Agents are no longer just automation tools - true agents are partners thatdeeply understand business goals, adapt to environmental changes, and make optimal decisions on their ownin unpredictable situations. Outcode makes this possible, empowering each department in the enterprise to make autonomous and efficient decisions.

Why Agents are needed in the enterprise

Most core tasks and processes in the enterprise are complex and dynamic, especially manufacturing and finance, which combine a variety of data and decisions that require agents to respond to real-time changes and make optimized decisions. These complex tasks are difficult for assistants to solve because they require autonomous judgment and flexible responses.

In manufacturing, production planning, materials management, quality control, and more are interconnected. These tasks rely on a variety of data sources and many variables. For example, monitoring inventory levels, production rates, machine uptime, and more in real time and making instant decisions based on them is a complex task.

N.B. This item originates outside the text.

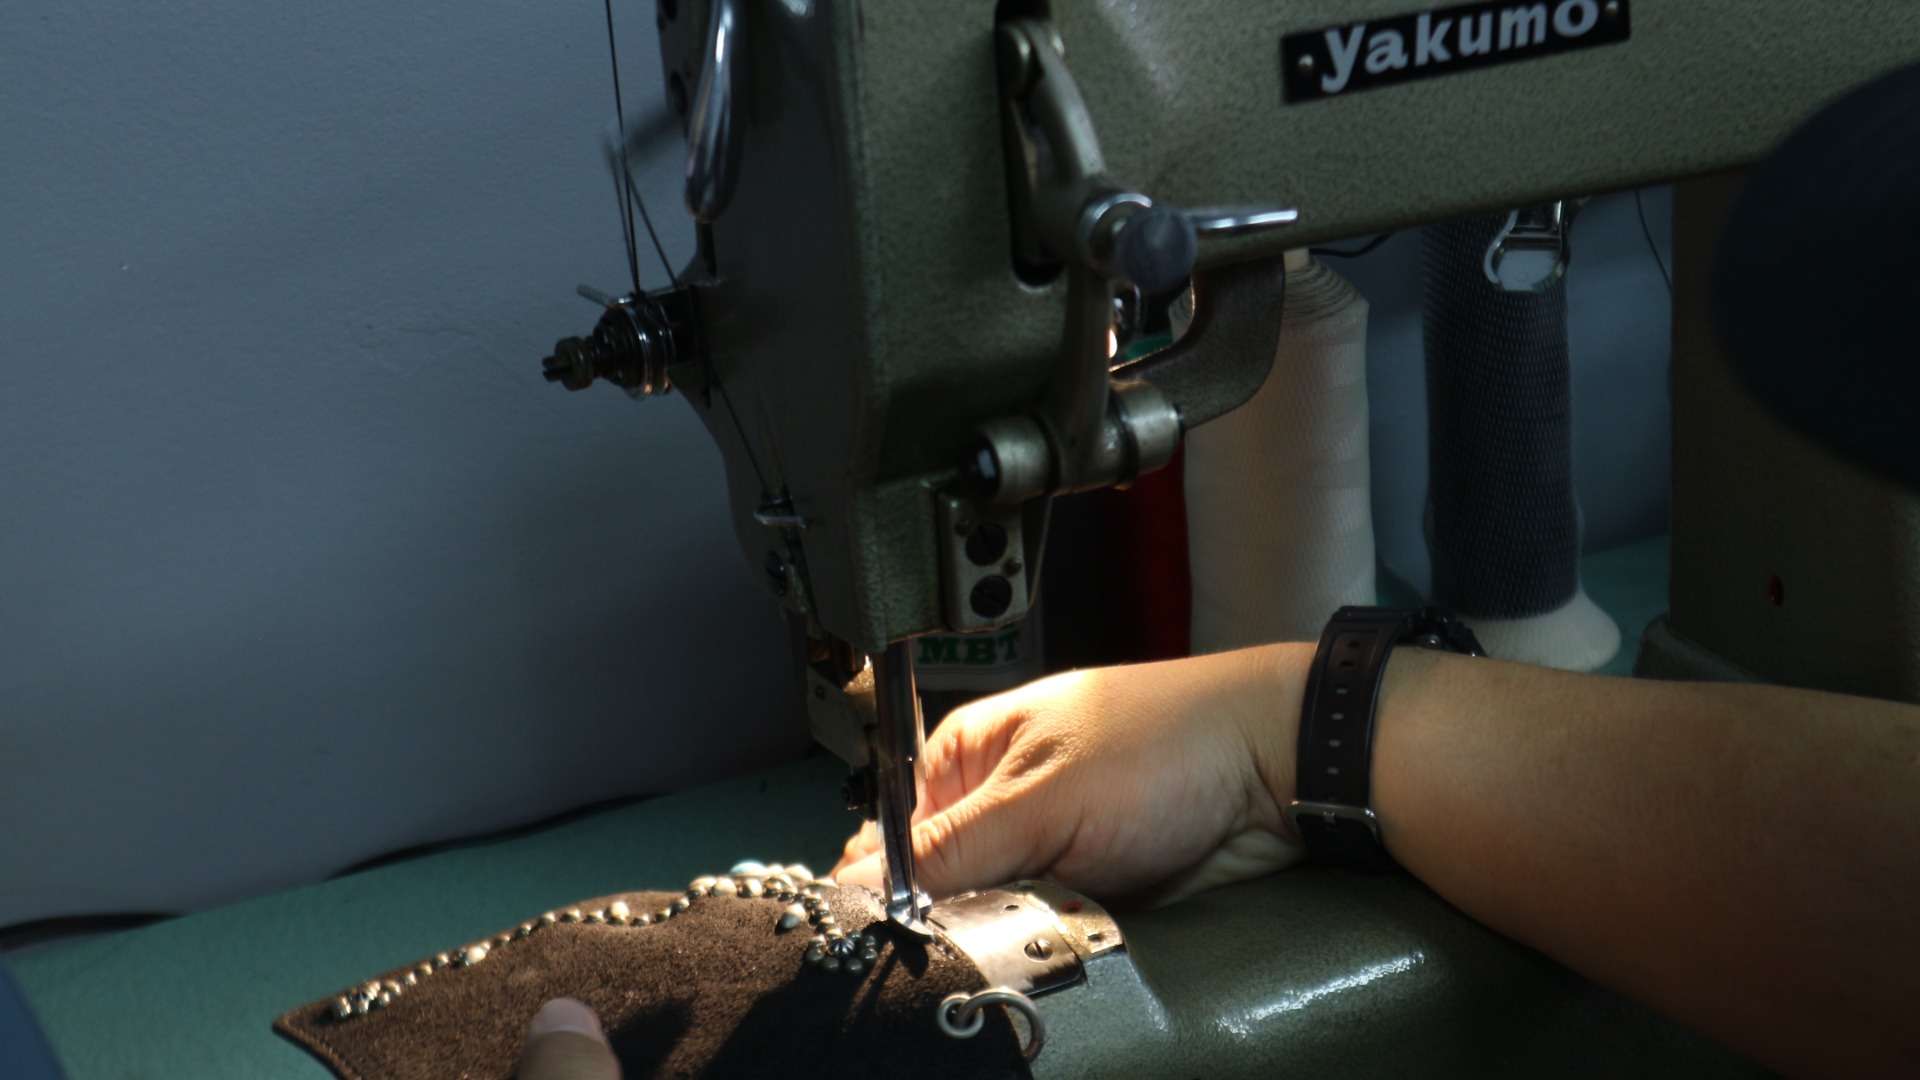 革製品に使用する糸の種類にこだわって縫製しております

What the Assistant can't fix:
  • Assistants are just tools that perform actions based on set commands. For example, if you ask it to "tell me my inventory status," it will simply show you the current inventory numbers, but it can't make predictions and adjustments to account for fluctuating inventory demand or changes in production schedules.
The role of the agent:

Agents, on the other hand, are responsible for analyzing machine status, inventory levels, order demand, and more on the production line in real time and making predictions and decisions based on that information. For example, they can proactively react by automatically executing a reorder when an inventory shortage is expected, or immediately switching to a replacement machine when a machine breaks down. Agents autonomously take the necessary actions to achieve their goals, and can proactively solve foreseeable problems.

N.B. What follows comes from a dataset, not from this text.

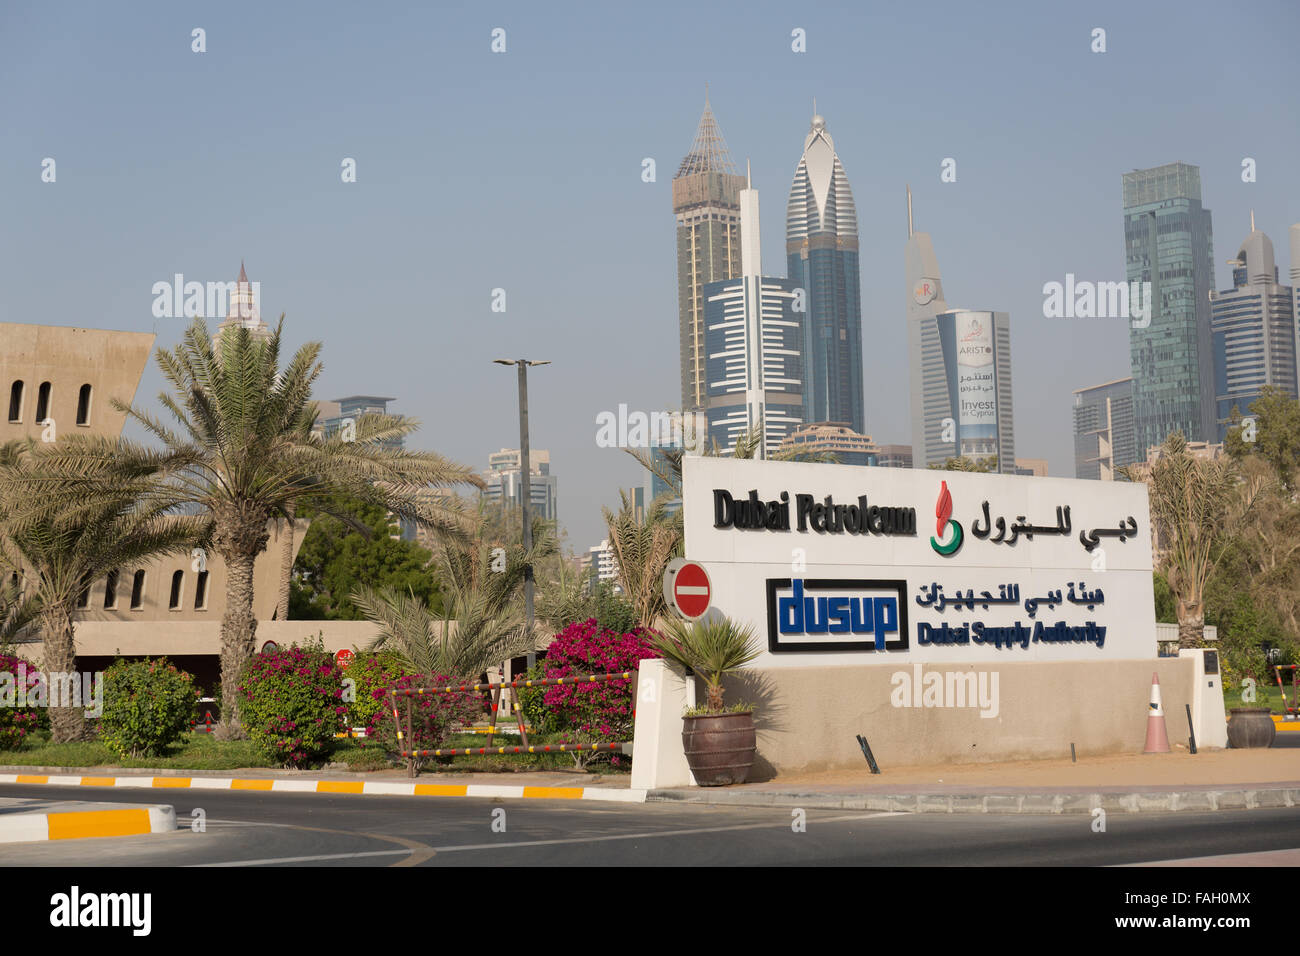 Dubai Petroleum office, Dubai UAE Stock Photo - Alamy

Finance departments require precise calculations and a variety of decisions, including budget management, expense tracking, and financial reporting. Financial data is not just numbers, but is affected by a variety of external variables (e.g., interest rate fluctuations, currency exchange rates, government policies) and internal changes (e.g., departmental budget usage). In this dynamic and changing environment, an agent's proactive role is essential for accurate financial forecasting and resource allocation.

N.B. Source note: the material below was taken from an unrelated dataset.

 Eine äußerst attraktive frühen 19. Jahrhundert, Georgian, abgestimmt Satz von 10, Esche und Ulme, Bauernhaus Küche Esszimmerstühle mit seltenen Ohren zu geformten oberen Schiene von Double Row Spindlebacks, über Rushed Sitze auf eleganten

Agents act autonomously, automatically analyzing the causes of budget overruns, suggesting ways to reduce costs, or adjusting future budget plans. For example, by monitoring project-specific expenses, they can automatically detect higher-than-expected spending and proactively manage the situation by sending notifications to the appropriate departments and suggesting alternative paths. They can also reflect real-time changes in interest rates or currency exchange rates to suggest budget rebalancing and help you make strategic decisions.

Agents for dynamic, complex tasks

Manufacturing and finance operations are both dynamic and complex, requiring decisions based on real-time data and analytics. While assistants are limited to carrying out commands based on set rules, agents have the ability to analyze situations in real time and actively react to changing data. By enabling autonomous decision-making in an automated process, agents can achieve both efficiency and accuracy.

Agents are essential for making autonomous and efficient decisions and optimizing work in complex and dynamic work environments. The ability to analyze real-time changing environments and data, make the right decisions, and react flexibly is a key capability of agents, whether in manufacturing or finance. While assistants can only perform basic tasks, agents can recognize complex situations in real time and propose solutions.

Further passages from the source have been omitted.